Nevertheless both of the low K dielectric material and the air gap
structure have a weak mechanical property, so the downward press
force acted on the wafer carrier head in the CMP process will
damage the low K dielectric material and further damage the
semiconductor devices.
[0005] For solving the above problem, stress-free polishing (SFP)
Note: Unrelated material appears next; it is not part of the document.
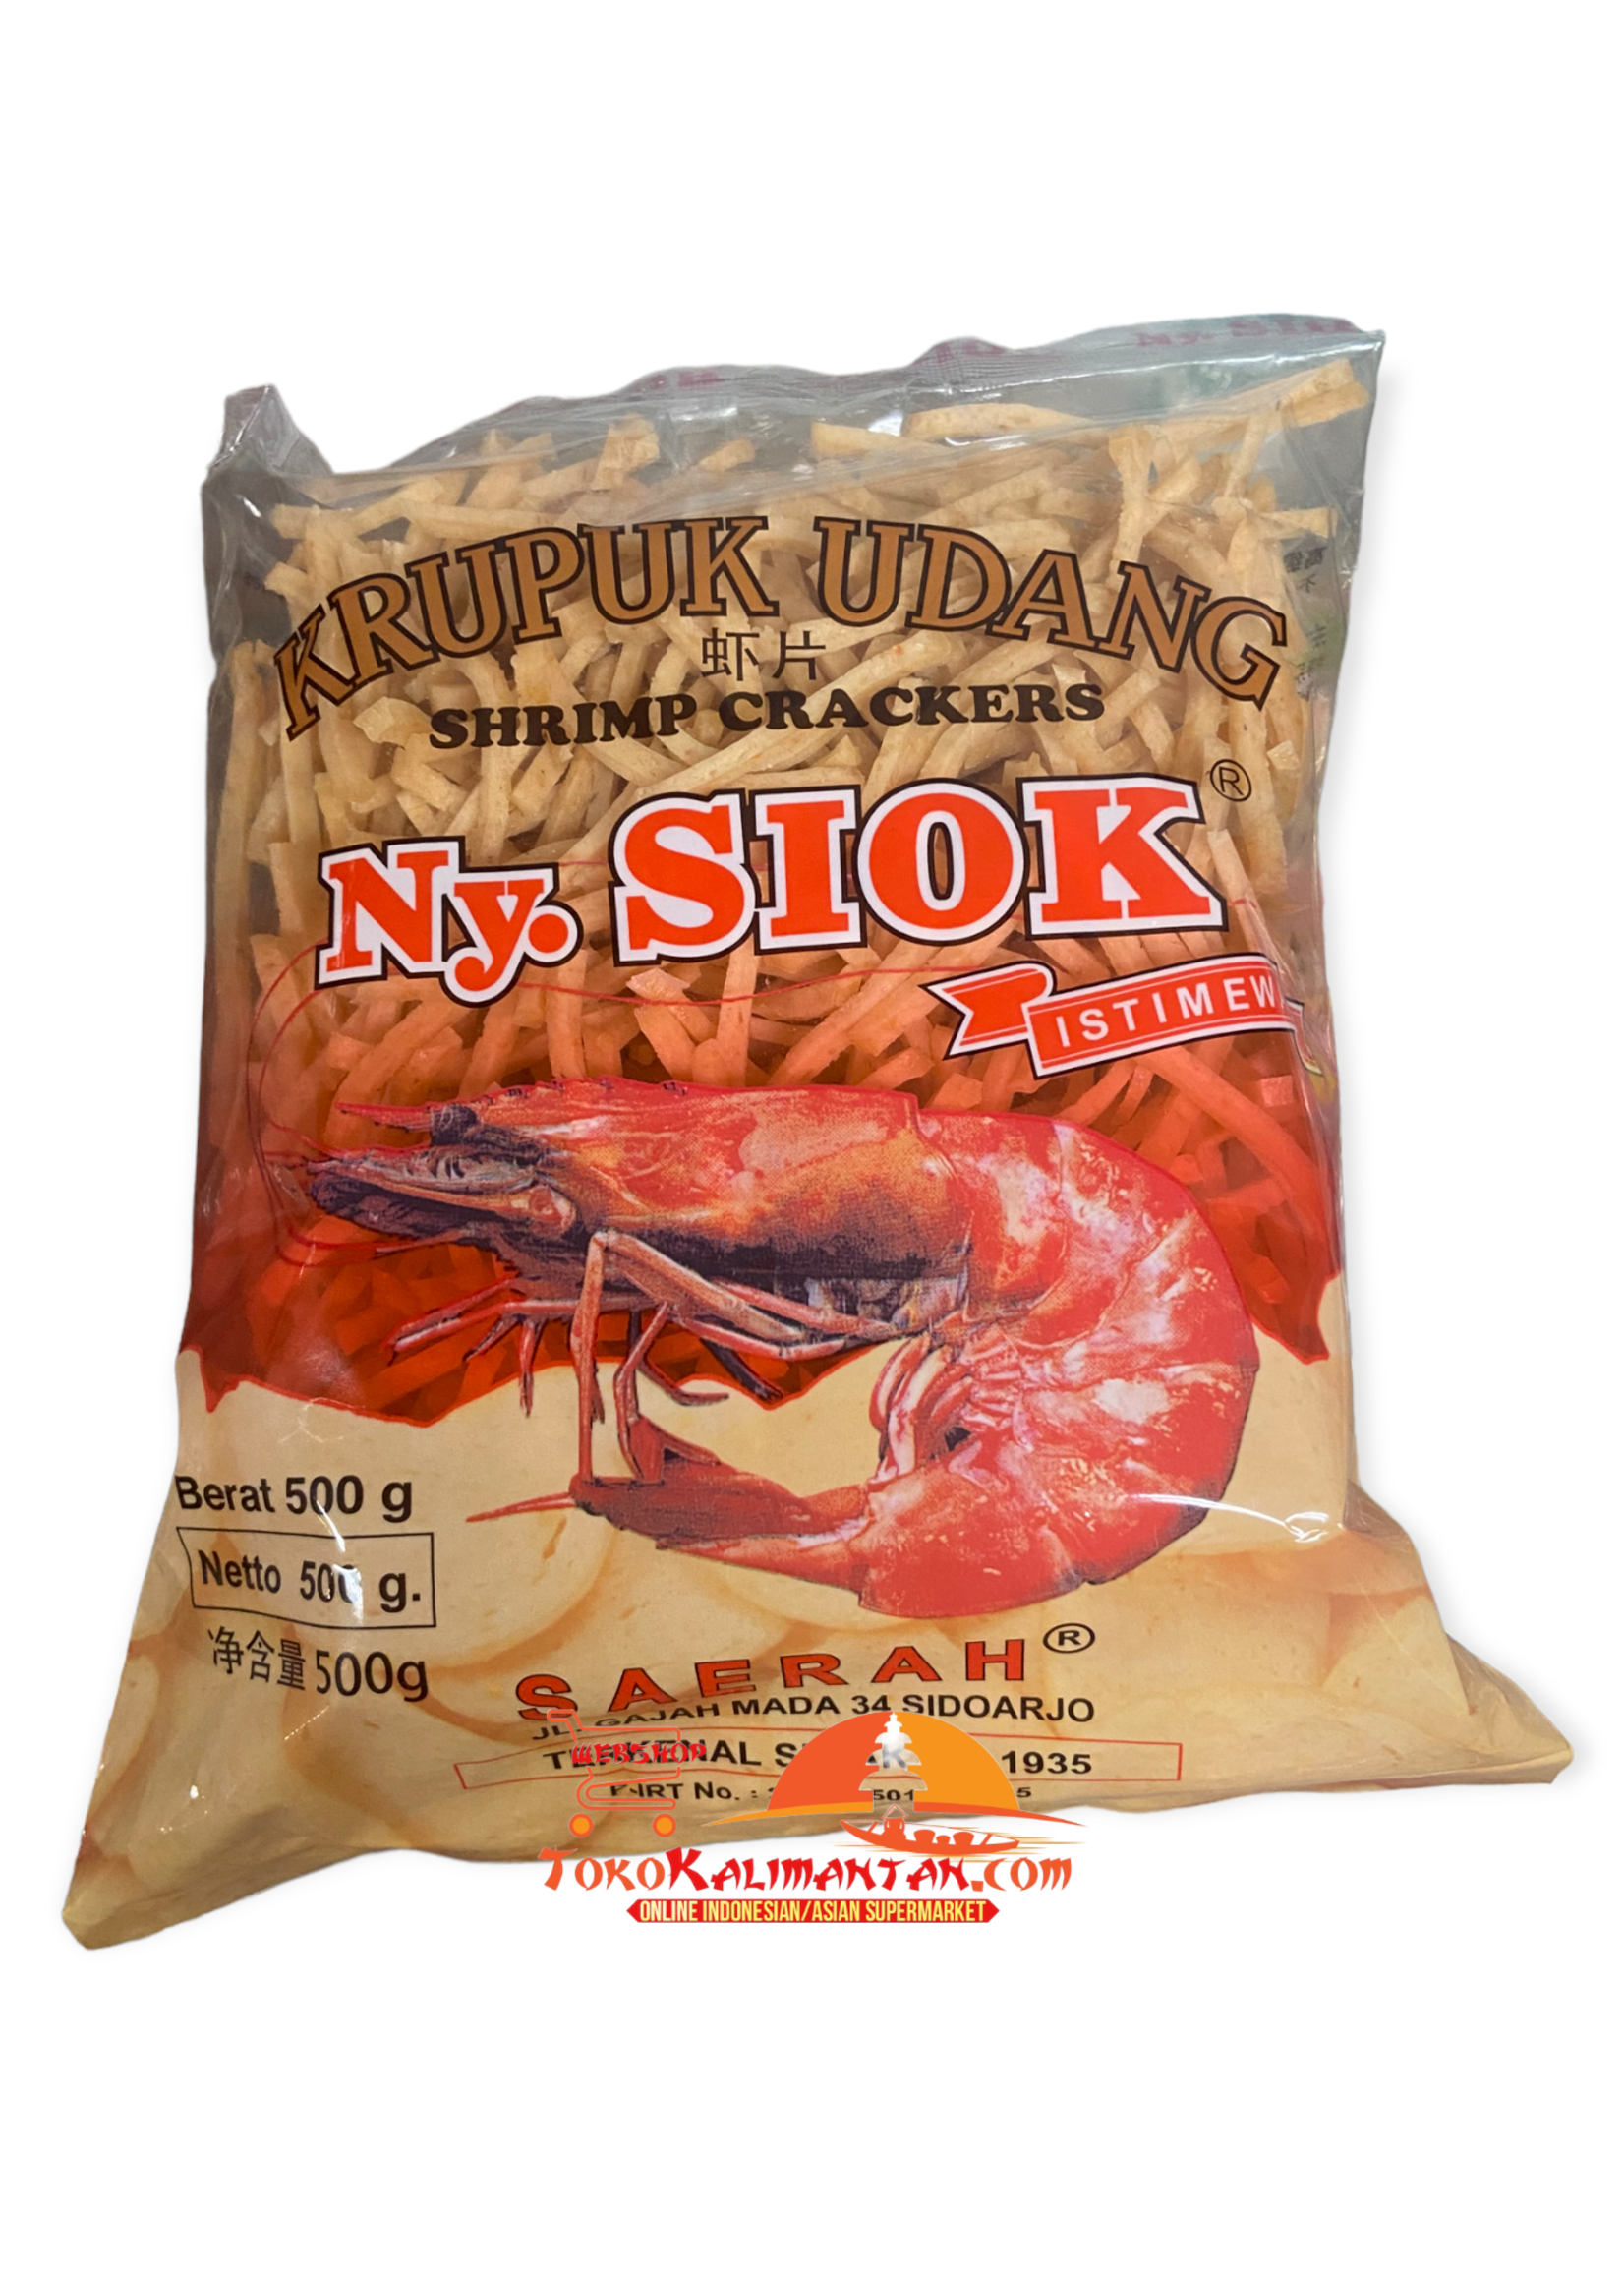 Ny siok Ny siok - Krupuk Udang Shrimp crackers (stik)

technology is provided and suitable for manufacturing tiny
semiconductor devices. The stress-free polishing technology is
based on the electrochemical polishing mechanism to remove the
unnecessary copper layers without mechanical force, avoiding
damaging low K dielectric layers on the semiconductor wafers. The
quality of the semiconductor devices is improved. A SFP apparatus
includes a mechanical motion and control system, an electrolyte
deliver system, an electricity supply and control system. In the
SFP process, chemical liquid is used as the electrolyte and ejected
on a surface of the copper layer which needs to be polished by a
nozzle.
[0006] However, a common nozzle has a serious shortcoming When the
nozzle also used as an electrode is used for polishing the wafer,
bubbles are easily generated in the nozzle and ejected on the wafer
together with the electrolyte, which results in the poor roughness
and defects on the surface of the wafer.
[0007] Referring to FIG. 6, FIG. 6 is a partial enlarged view of
the surface of the wafer after the wafer is polished by using the
nozzle. As can be seen from the drawing, there are two concave
holes on the surface of the wafer. The two concave holes are
generated by the bubbles. Referring to FIG. 7, FIG. 7 is a profile
diagram of the surface of the wafer measured by profilometry. The
diagram shows a greater wave crest and a greater wave trough
thereon. The greater wave crest represents an area covered by the
bubbles on the wafer. The greater wave trough represents an area of
the concave hole. During the polishing process, the bubbles blocks
the electrolyte directly contacting with the surface of the wafer,
which causes the area covered by the bubbles cannot be polished. At
the same time, the charge at the area covered by the bubbles isn't
consumed and shifts to an adjacent area, causing the adjacent area
to be polished overly to form the concave hole. The concave hole
brings a detrimental impact on the property of the semiconductor
device.
[0008] Otherwise, the electrolyte distribution range and shape on
the surface of the wafer cannot be controlled well, which affects
the removal rate and removal uniformity of the copper layer, and
also doesn't satisfy different requirements of the polishing
process.
SUMMARY
[0009] Accordingly, an object of the present invention is to
provide a nozzle used for stress-free polishing metal layers on
semiconductor wafers. The nozzle for charging and ejecting
electrolyte in the polishing process includes an insulated
foundation, a conductive body and an insulated nozzle head. The
insulated foundation defines a through-hole passing therethrough.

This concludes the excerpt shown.